Sometimes you can get by without a good lead on someone to talk to if you have the second critera, "something to say" (and vice versa). When I say, "something to say" you need to have an bold opinion on some trend of factor that matters to the company. You might go up to the CEO of Dole Fruit and say, "I think Coconuts are terribly undervalued for the following reasons. 1) Almond Joy demand is forecaste to triple in the 4th quarter 2) Hollowed out Coconut shells are increasingly used as spare parts in aircraft repair 3) A lot of the leading hedge fund managers are rumored to be increasing their Coconut exposure."

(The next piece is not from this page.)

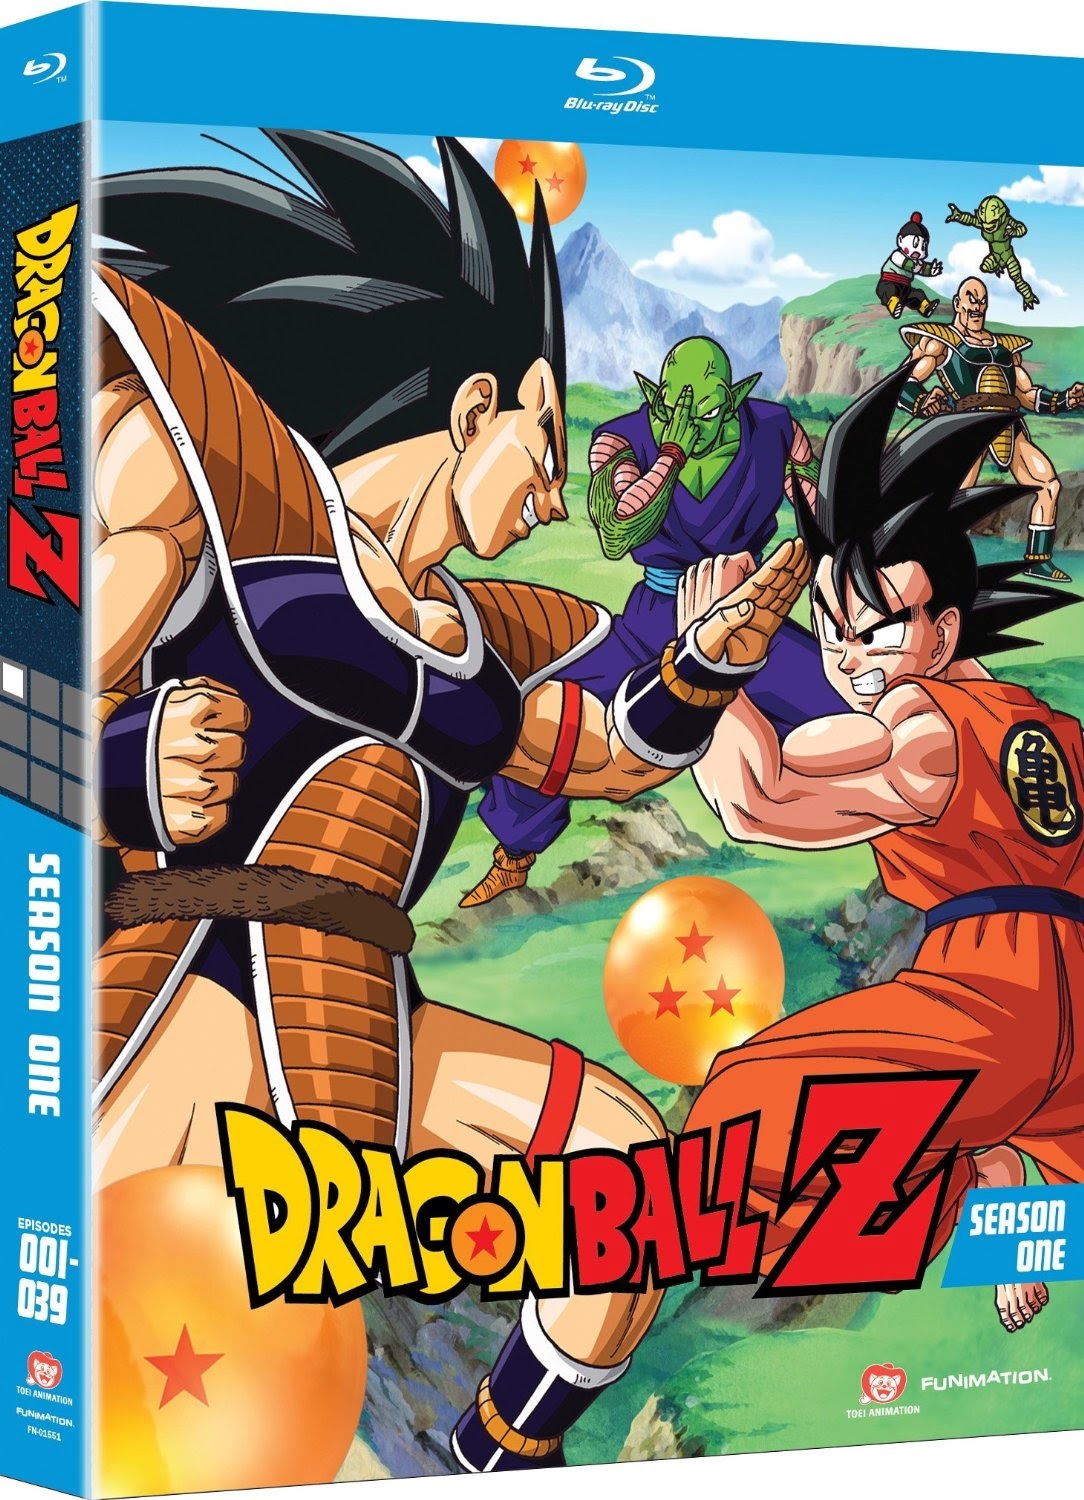 Anime - Juegos | Descargas Gratis: Dragon Ball Z | Season 1 | Bluray HD

Having an opinion on the industry at least demonstrates you're interested in the company and you've done some modicum of homework. So, I put on my thinking cap and tried to come up with some interesting things to say to this fledgling company. Below you can see my email and decided whether I had anything interesting to say. In retrospect it looks not.

From: Dhar, Rohin
Sent: Wed 1/25/2006 10:15 PM
To: 'jobs@youtube.com'
Subject: Stanford project with YouTube

Dear Chad, Steve & the YouTube team,

Just wanted to introduce myself. I'm a Stanford MBA student who is absolutely captivated by your product and user-experience. I very well believe that YouTube is positioned to 1) Drive the success of online video by allowing artists to disseminate and potentially monetize their work (like Google did for the written word) 2) Become a dominant media force, rivaling TV networks as a content distributor 3) Continue to build on its position as the leading video-based social network.

Defining where YouTube wants to go will be critical. Figuring out how YouTube gets there from here is even more critical.

This is a rapidly changing space where converting YouTube's strong position today into success over mammoth rivals like Google and Yahoo will depend on the "blocking and tackling" that YouTube pursues in its business strategy and operations over the next 3 months. Marketing, user experience, content development and organization, advertising decisions all play a role in determining YouTube's future success.

Since I'm currently a student (with a lot of prior business experience), I thought you could use a free resource to help you think about, plan, and pilot test the "game changing" moves that your company wants to make (and help with marketing). I'm very much interested in working with your company on this project. I know you've got lots of very talented people on your staff today producing the best product out there, but I feel I can be an important asset as someone who can help position YouTube to become the next Time Warner (and I who won't put a drag on your company's resources since I'm a student. Plus as a Stanford student, I can help YouTube tap into Stanford's vast array of useful resources for a startup).

I would really like to come by your office in the coming week to meet with someone to discuss this further. I am very impressed by your company so far and would love to help out. Please let me know if you are interested in discussing this further. This is going to be very very big!

Best regards and good luck!

Rohin
---------------------------

Anyhow, in this case, I received no respone from my "attempted networking". Generally it's tough to fire off an email to a generic address and get a respone (though I had quite good success doing this with other companies). Below is the a timeline from when I first heard of YouTube till today, plotted against their traffic data (versus nytimes.com for context). However, even before I "discovered/fist heard of" these guys, Sequoia Capital had already funded them. It just goes to show that in the venture business, you have to be really ahead of the curve to hit a homerun.

I've got some very strong opinions now on the space and how it will develop and what YouTube is doing right and wrong. I'll definitely write about that soon.